Avançar para o conteúdo principal

E lá vai o sujeitinho impune a mexer com as nossas consciências

Uma manhã de nevoeiro, fria. Cheira a torradas. Acabei de engolir o café da manhã e aqui estou eu, dentro do carro, pronta a empreender o mesmo trajeto de todos os dias. 

Todas as manhãs, mal dobro a esquina do muro de Vinhas da Índia, deparo-me quase sempre com o mesmo cenário. O trânsito automóvel aumenta e a estrada parece diminuir. Carros e camiões, às vezes tratores e motoretas. Uma azáfama!

E no meio da confusão, surge sempre a mesma figurinha de que me apetece falar-vos. 

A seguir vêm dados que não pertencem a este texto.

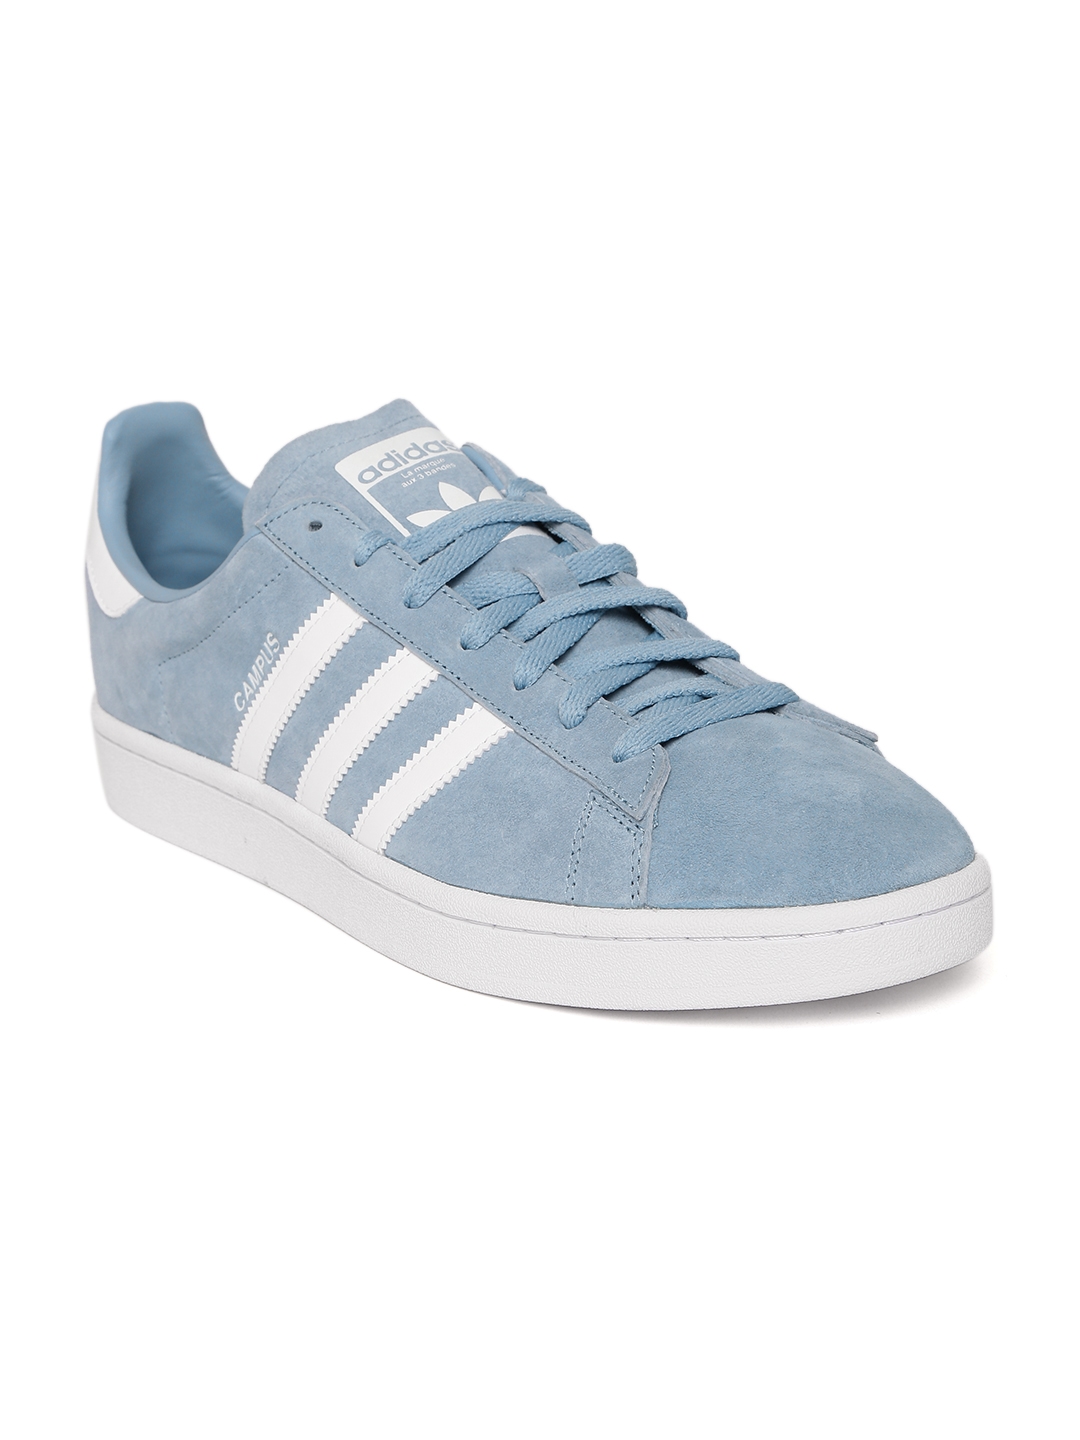 Buy Adidas Men's Stan Smith Casual Shoes (Cloud White/Cloud  White/Collegiate Navy, Size 13.5 US) Online | Kogan.com. With a vegan upper  and an outsole, the Adidas Men’s Stan Smith Casual Shoes have

Vai na berma da caótica estrada, correndo o risco de ser atropelada. É que os passeios são exíguos e mal engendrados nesta estrada nacional. São sete e quarenta e cinco deste dia de nevoeiro. E lá vai ele. É um indivíduo magro, aparenta ter sessenta e tal anos, poucas rugas, bastante cabelo grisalho, bem penteado, roupa clara, tão clara que parece exalar um cheiro a sabão Rosa nesta manhã de nevoeiro. Vai direito como quem cumpre um dever, apesar do passo descontraído. Eu penso até que, para ele, a rua está deserta e impera à sua volta um silêncio precioso. Leva um sorriso de folhas de árvores e pardais em poças de água. 

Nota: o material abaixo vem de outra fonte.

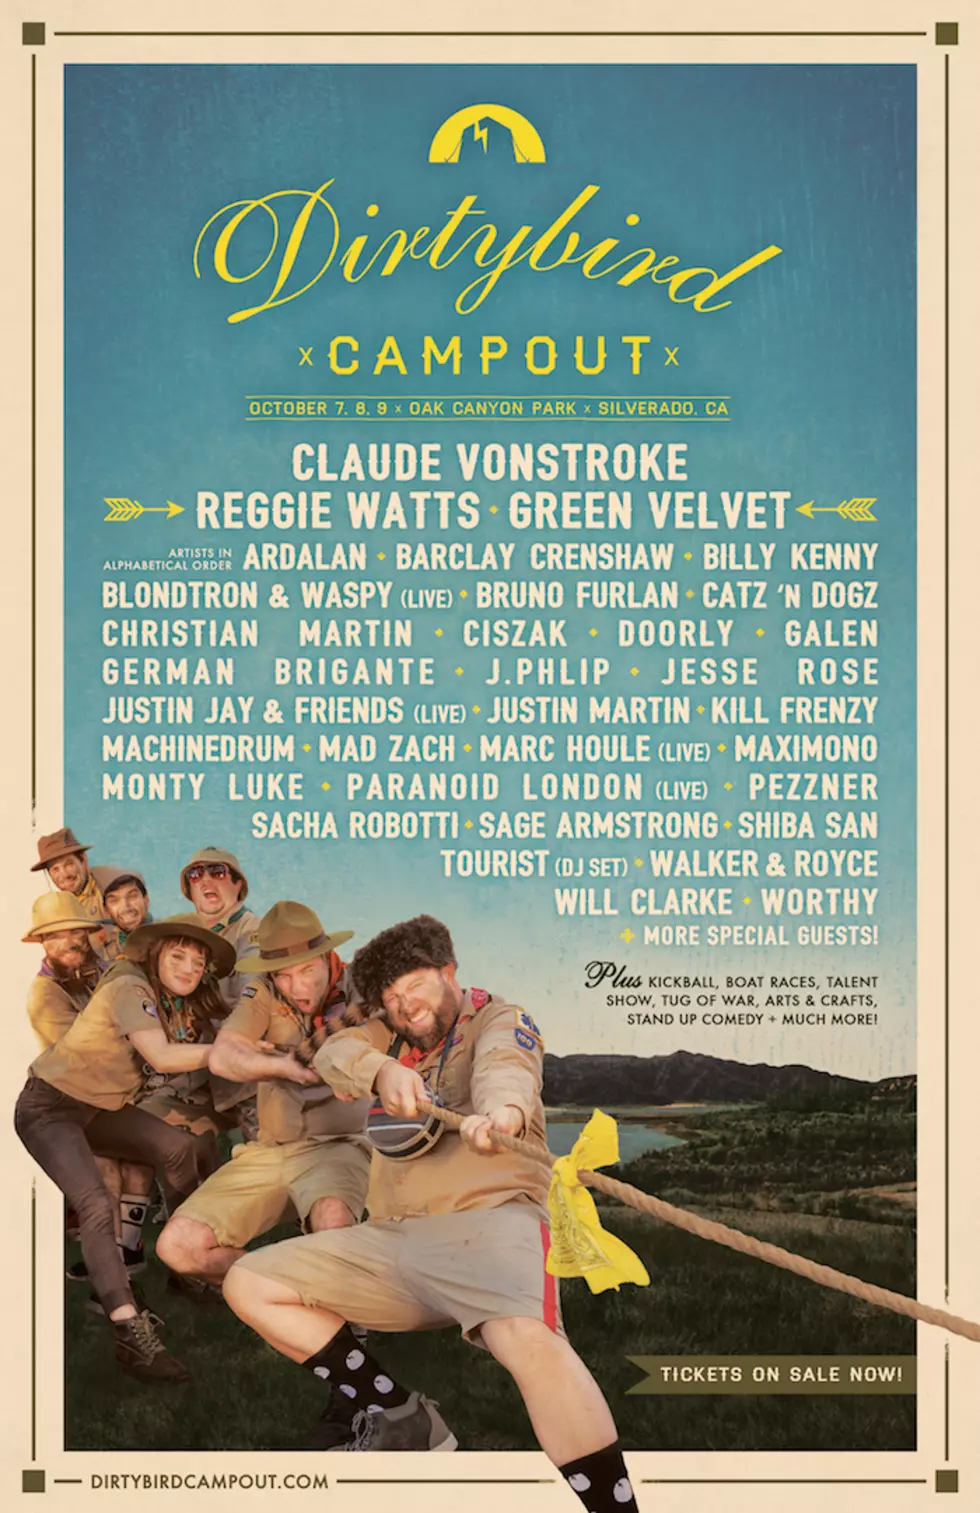 DIRTYBIRD Releases Phase 2 Lineup for CAMPOUT in Silverado Oct 7, 8 &#038; 9

Ora, mas o que me leva a falar-vos desta personagem, com a qual me cruzo todas as manhãs, é um simples pormenor: um ramo de flores. Daquele tipo de ramos que não se vendem nas floristas. É um emaranhado de flores colhidas num qualquer quintal tosco. Umas quantas flores que apresentam um caule maior no meio de outras tantas pequerruchas. Não há grande arranjo, são simplesmente flores de várias cores que se colheram, se juntaram e ali vão acompanhando o movimento de mão, de quem as carrega vaidosamente. O homem passa por mim e eu a mirá-lo de dentro do carro. Ele não vê ninguém. O carro avança e já só o consigo enxergar pelo espelho retrovisor. Vai ficando cada vez mais pequenino e desaparece. Fica no meu pensamento. Para onde vai ele com aquele ramo de flores? Instala-se em ideia dentro de mim e eu deixei de existir. Ou melhor, talvez o tenha misturado ao que sei de mim. Todos nós temos histórias de flores para contar. E as mulheres têm sempre uma história de flores para contar (mesmo aquelas que, normalmente, não recebem flores). E o meu pensamento vai-se desdobrando. Há aqueles que as compram e as colocam numa jarra. Há aqueles que são alérgicos ao pólen e as querem longe. Há flores de plástico que fazem as delícias de alguns. Há quem só se lembre de oferecer flores aos mortos…

E aqui está um assunto que parece não ter interesse algum. Um simplório indivíduo, desfilando pela manhã com um ramo de flores na mão por entre a multidão… 

Enganam-se! Este ser quase insignificante provoca o caos nos seres que circulam nos automóveis a caminho do trabalho. Dá-lhes que pensar! Uns invejam: «Sortudo! Quem me dera ter tempo para passear logo pela manhã com um ramo de flores na mão e com aquele ar de quem vai voar!». Outros destilam revoltas: «É maluco!». Outros ainda suspiram: «Que romântico!». 

E lá vai o sujeitinho impune a mexer com as nossas consciências!